I don’t know. My, my assumption is that it’s probably not going to happen. But I do have good news for you that if it does happen, the postal employee reform act may be a precedent. Because what happened with the Postal Employee Reform Act is that the postal employees were forced to have Medicare, but they were not penalized for picking it up late.
That’s a big deal. So it could be that you guys could just choose your FEHB without the Medicare, and in the future, if they force you to have Medicare, so then. You could you could get it without penalty. That could very well be the case. Now coming back to Kathy’s question, she’s not necessarily asking about Medicare.
She’s asking about will the government portion be removed and now you have to pay the full portion. And the answer may be it could be, and at that point you may have to take Medicare and the question is meaning not have to, but meaning you may wanna take Medicare because at that point Medicare may be less expensive.
And the question is, in that situation, will there be a penalty for picking up Medicare late or will it be like we saw with the postal employees that they were able to pick up Medicare late and they were not penalized for it? So I don’t know the definitive, I don’t have a crystal ball. Obviously it’s possible for them to change the rules.

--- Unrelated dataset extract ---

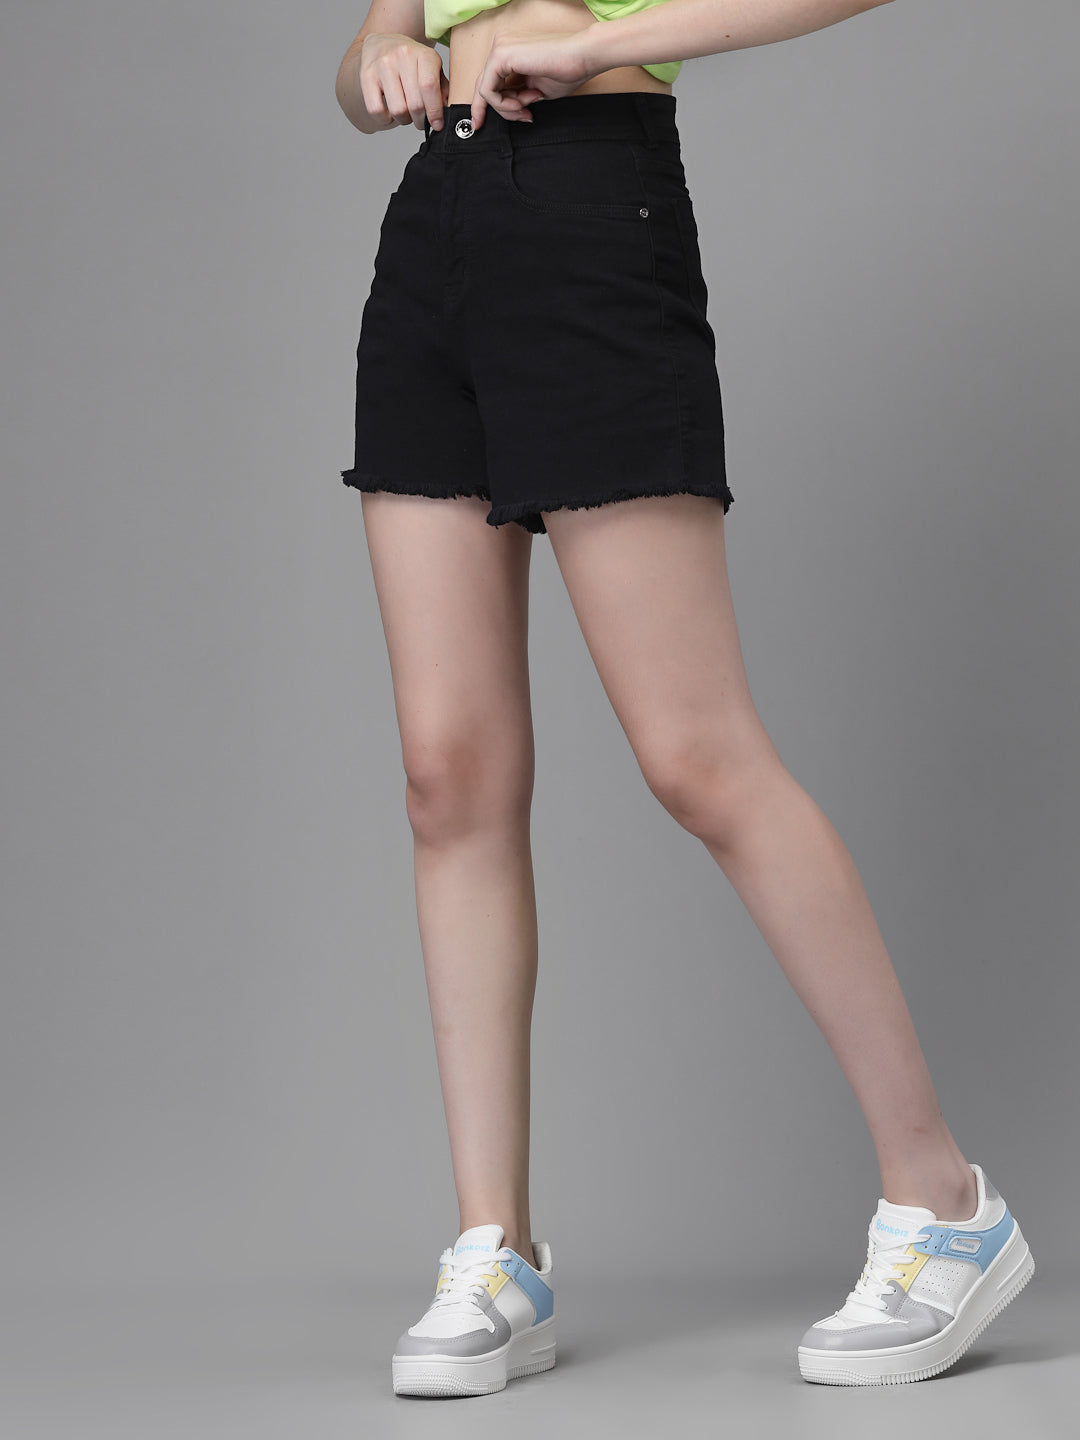 Women Black Cotton Solid Mid Rise Casual Shorts

My assumption is that they’re not gonna change the rules. But even if they do change the rules, hopefully the precedent is that you could get Medicare at that time without penalties. And Medicare without penalties should be cheaper than having to pay the full FEHB premium. Okay, John’s question. My understanding is that there will be an increase in retirement contributions for new hires.
Will this apply to employees who leave and come back to federal service? Are there any changes that could be enforced to existing federal employees? That’s a great question, John. So the answer is that so long as you have five years in your current employment to federal government. So if you have five years of service and you leave service and then come back later, you usually get put back into the system that you’re in right now.
Okay? So as long as you have the five years, that’s generally the way it works. So to answer your question, if you leave and come at the service, you’ll probably come back to where you are and you’ll have to pay the 0.8% as opposed to the 4.4%. Okay? Now with this being said, I’m gonna give you guys general guidance.
When someone leaves federal service, they have the choice to either keep their FERS contributions in the system or withdraw their FERS contributions outta the system. My general recommendation, keep your FERS contributions in the system. You’re gonna get a pension. A pension in the future based upon those years of service that you’ve done.